MTL has long been studied in machine learning Ruder (2017) and has been used successfully across different applications, from natural language processing Collobert and Weston (2008); Luong et al. (2016); Liu et al. (2019c)

, computer vision 

Wang et al. (2009); Liu et al. (2019a); Chen et al. (2019), to health informatics Zhou et al. (2011); He et al. (2016); Harutyunyan et al. (2019). MTL has also been studied in biomedical and clinical natural language processing (NLP) such as named entity recognition and normalization and the relation extraction. However, most of these studies focus on either one task with multi corpora Khan et al. (2020); Wang et al. (2019b) or multi-tasks on a single corpus Xue et al. (2019); Li et al. (2017); Zhao et al. (2019).

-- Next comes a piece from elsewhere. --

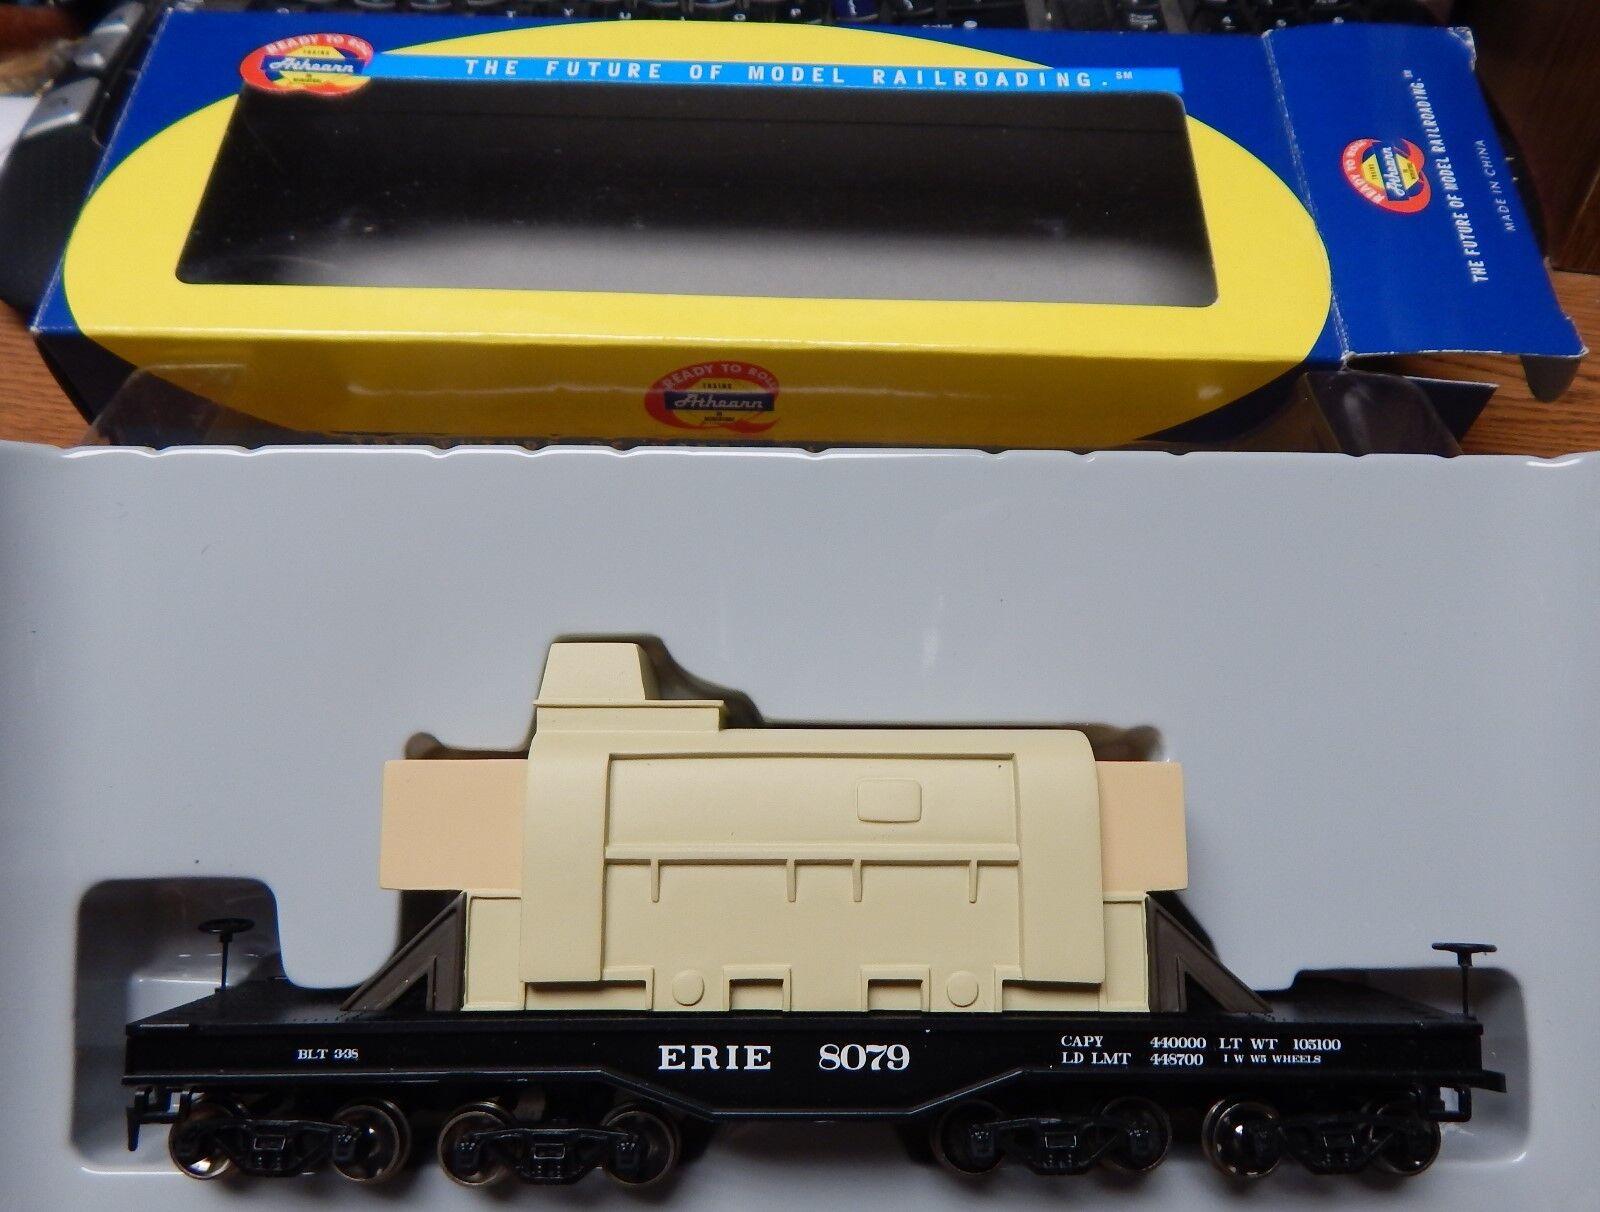 ATHEARN 92242 ERIE HEAVY DUTY FLAT CAR W LOAD USED IN BOX HO SCALE NICE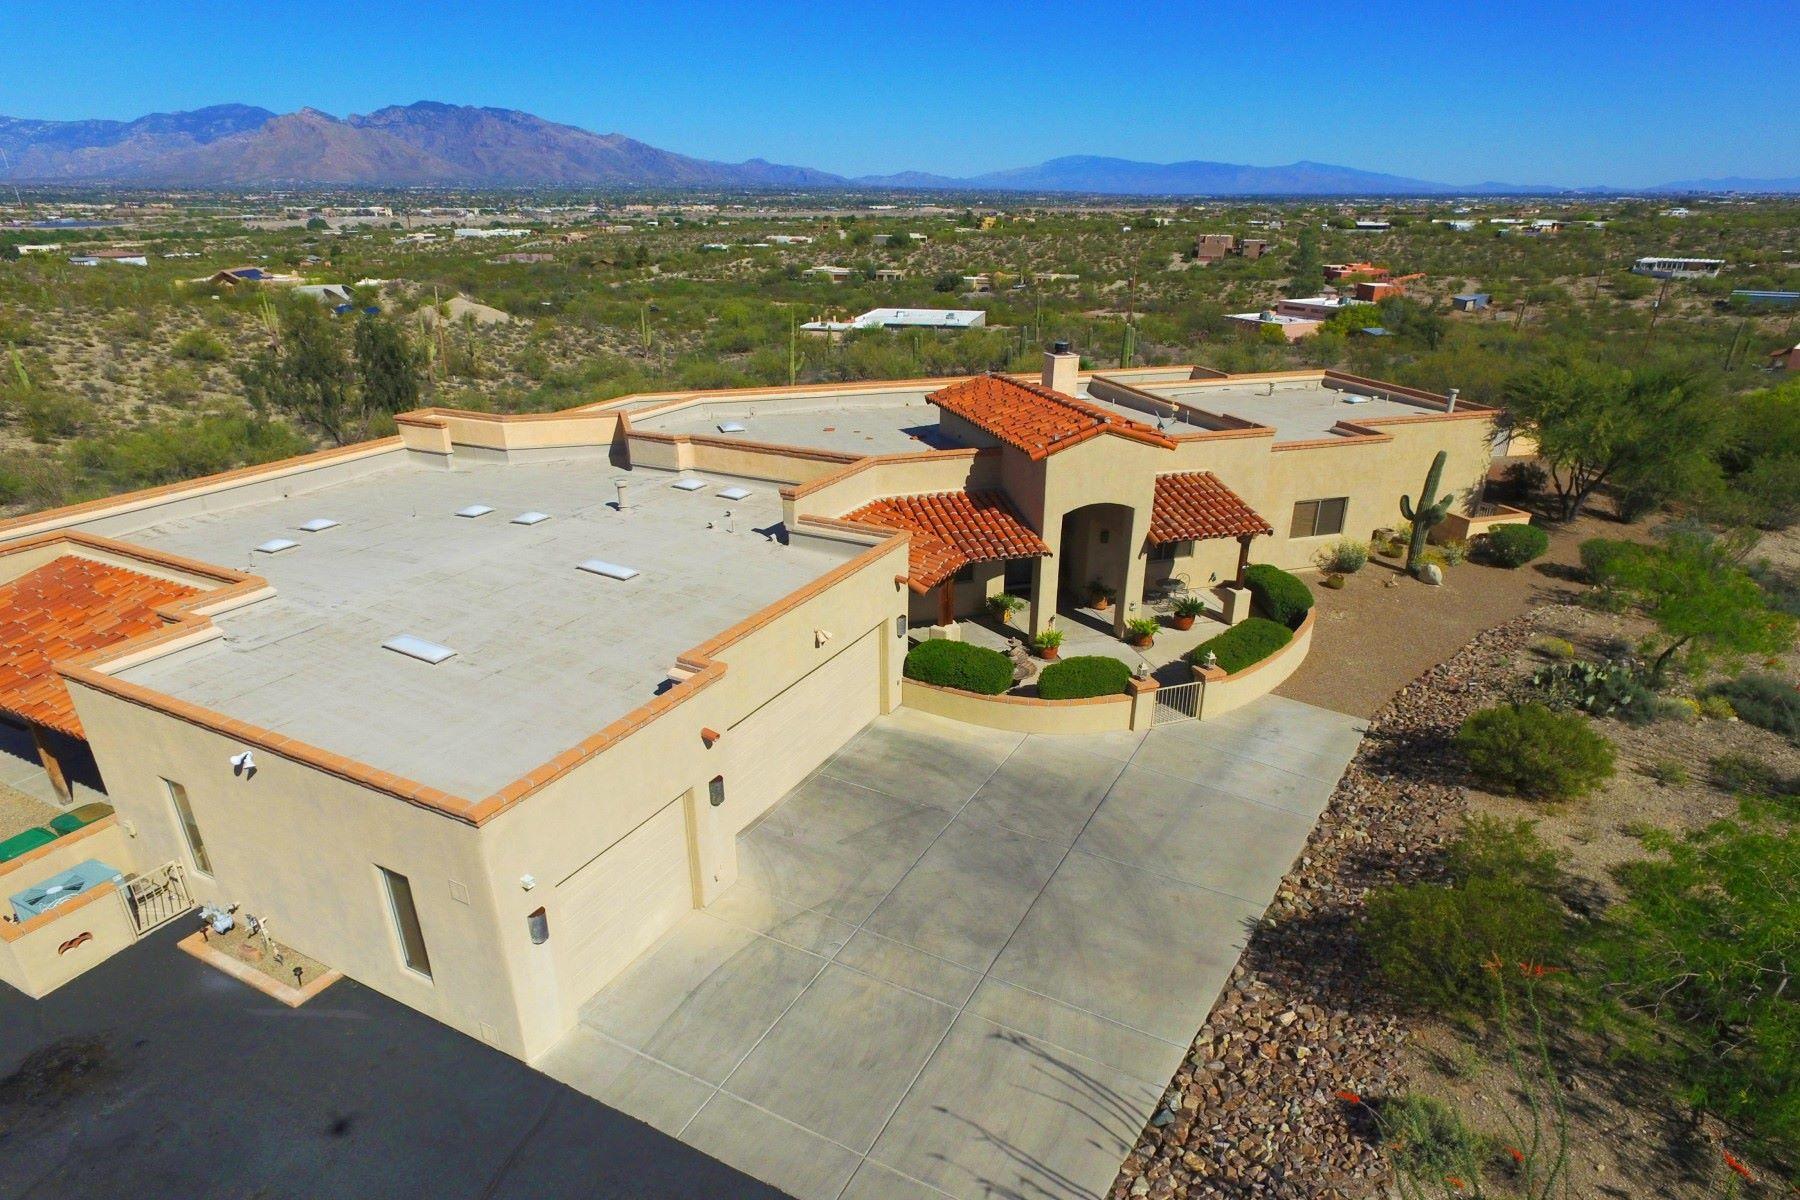 独户住宅 为 销售 在 Lovely Tucson home overlooking the city 5465 W Black Powder Place 图森, 亚利桑那州, 85743 美国

To bridge this gap, we investigate the use of MTL with transformer-based models (BERT) on multiple biomedical and clinical NLP tasks. We hypothesize the performance of the models on individual tasks (especially in the same domain) can be improved via joint learning. Specifically, we compare three models: the independent single-task model (BERT), the model refined via MTL (called MT-BERT-Refinement), and the model fine-tuned for each task using MT-BERT-Refinement (called MT-BERT-Fine-Tune). We conduct extensive empirical studies on the Biomedical Language Understanding Evaluation (BLUE) benchmark Peng et al. (2019), which offers a diverse range of text genres (biomedical and clinical text) and NLP tasks (such as text similarity, relation extraction, and named entity recognition). When learned and fine-tuned on biomedical and clinical domains separately, we find that MTL achieved over 2% performance on average, created new state-of-the-art results on four BLUE benchmark tasks. We also demonstrate the use of multi-task learning to obtain a single model that still produces state-of-the-art performance on all tasks. This positive answer will be very helpful in the context that researchers are in the hassle of choosing a suitable model for new problems where training resources are limited.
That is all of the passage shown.